Two central lessons of Ameliorative Psychology are that when it comes to social judgment, (a) proper unit weight models outperform humans in terms of reliability and (b) improper unit weight models (of which the Goldberg Rule and the F minus F rule are examples) often perform nearly as well as proper models and therefore better than humans.  So why the resistance to these findings?  We suspect that part of the reason people resist this "practical conclusion" is that the SPR results are noxious to our conception of ourselves as good reasoners. Further, they undermine our hope--so evident in the a priorism of so much contemporary epistemology­-that we can be experts at recognizing good reasoning without massive empirical aid.  (The SPR results do not, of course, suggest that we are naturally atrocious at recognizing good reasoning.  It just suggests that we aren't experts; we aren't so good that we couldn't learn a lot from Ameliorative Psychology.)  Once our dreams of native epistemological expertise are dashed, we can no longer take seriously the idea that we should attempt to build a theory of good reasoning without attending to empirical matters.

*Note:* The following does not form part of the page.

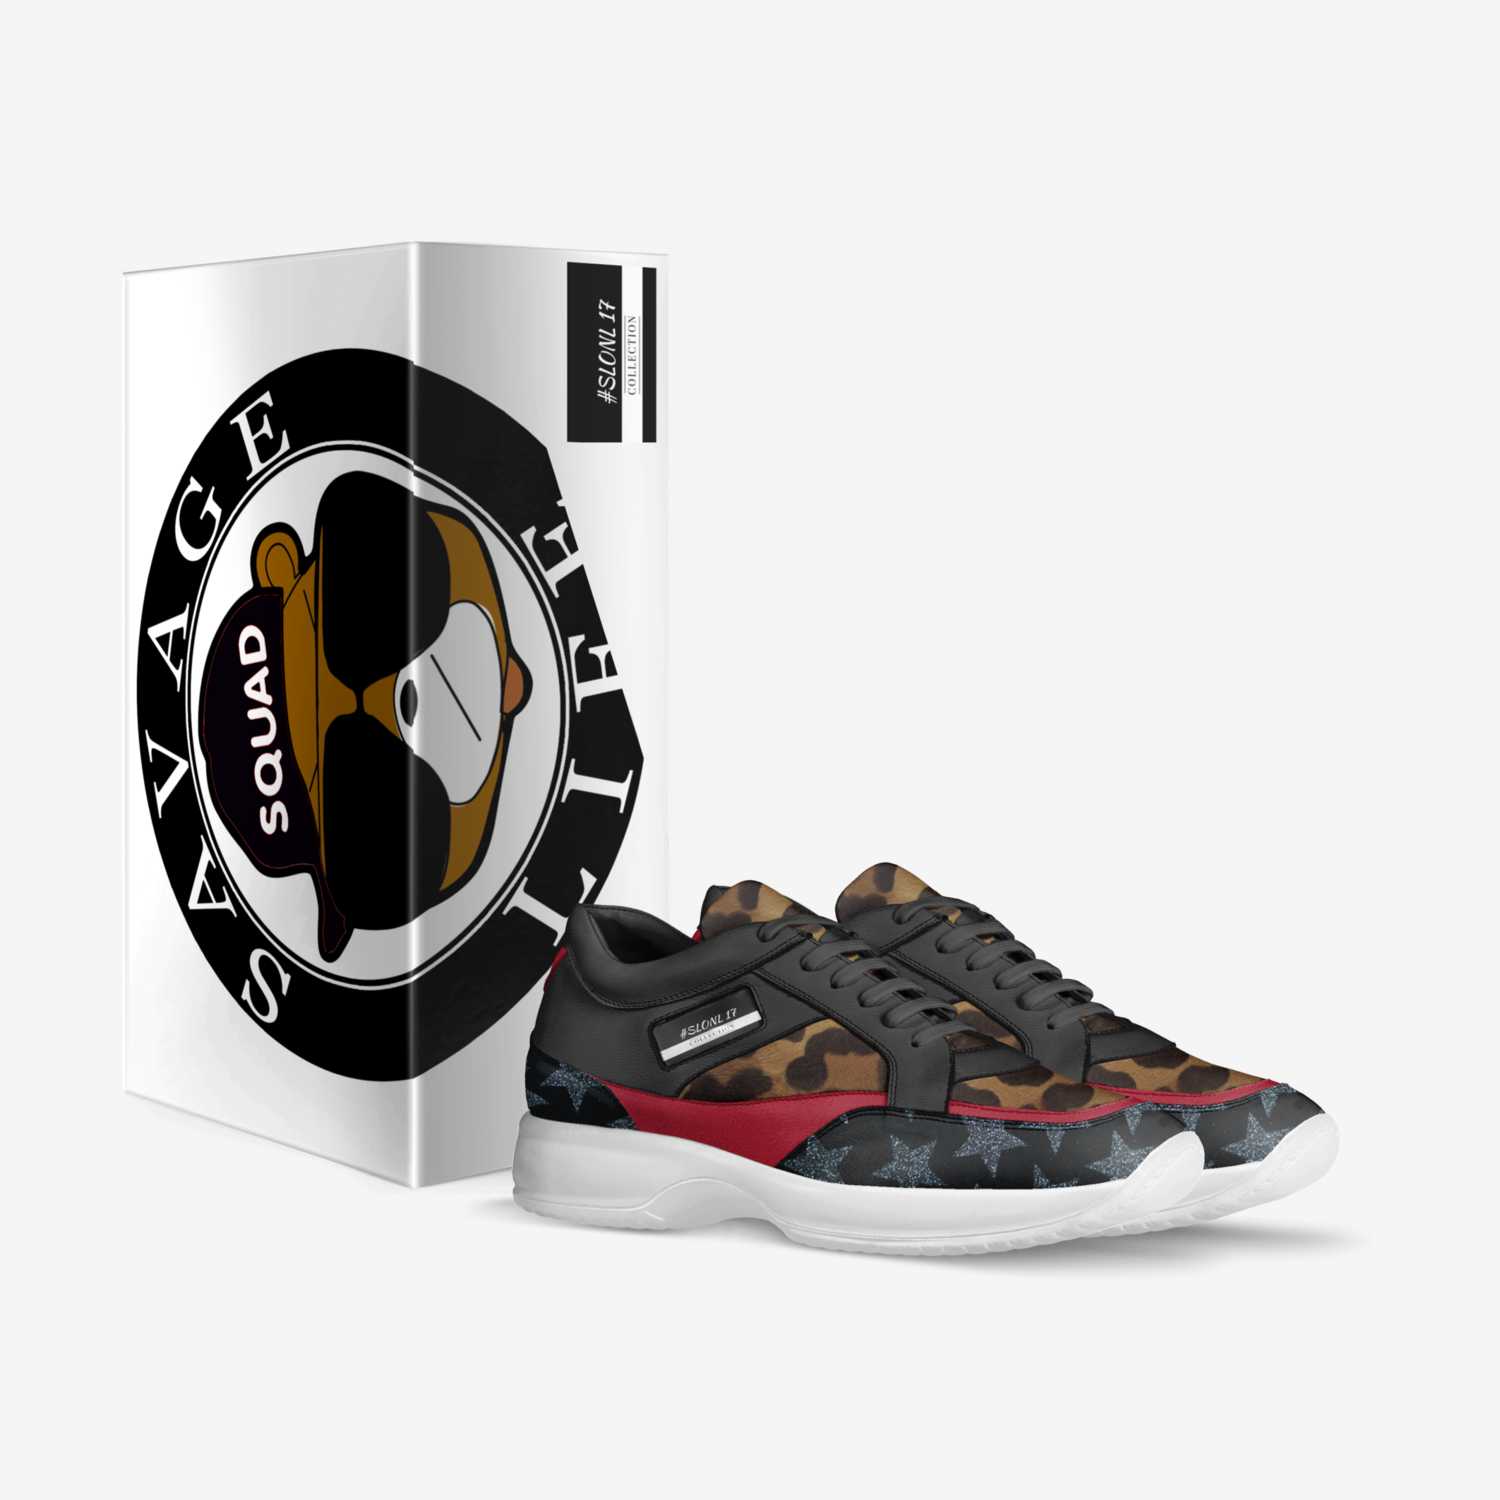 #SLONL 17 custom made in Italy shoes by Samson Onyema | Box view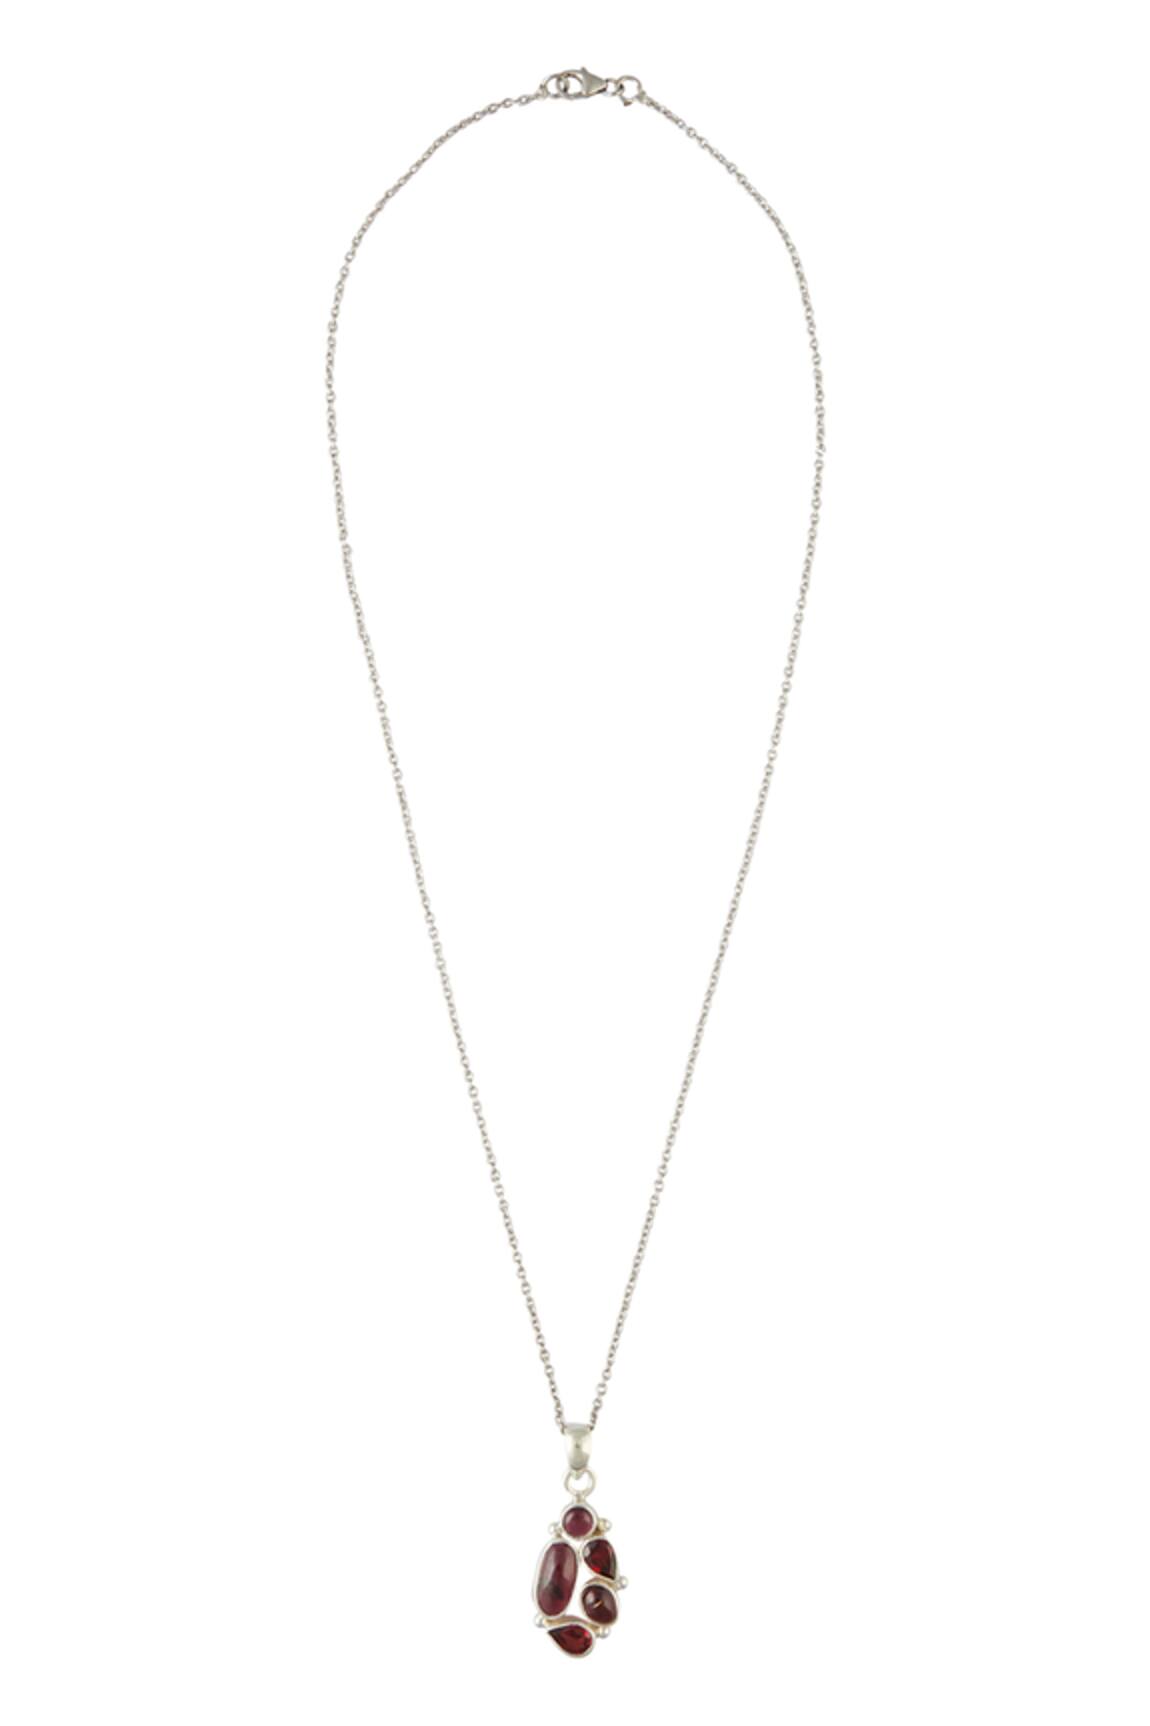 Star K � Open Heart Pendant Necklace with 6mm Heart Shaped Genuine Garnet  Stone - Walmart.com

The fact that people are slaves to the temptation of broken legs suggests a deep problem with the methods of Standard Analytic Epistemology.  SAE makes our considered epistemic judgments the final arbiters of matters epistemic.  But it is precisely these epistemic judgments that so often fall to the temptation of broken legs.  We have seen this countless times in discussions with philosophers.  When confronted with 50-years worth of evidence suggesting that short, unstructured interviews are worse than useless, we are now accustomed to philosophers dismissing these findings ultimately because, well, they just don't fit in with their considered judgments.  Now the defender of SAE might reply that there is no principled reason why SAE is committed to excessive defection--for the evidence here presented can now help to guide our judgment.  Our reply is that, after 50 years, it hasn't.  Avoiding defection isn't a matter of simply knowing the threat; it is a matter of avoiding it in the first place.  And we can't avoid it if we have a philosophy that presses our faces into temptation's fleshy cargo.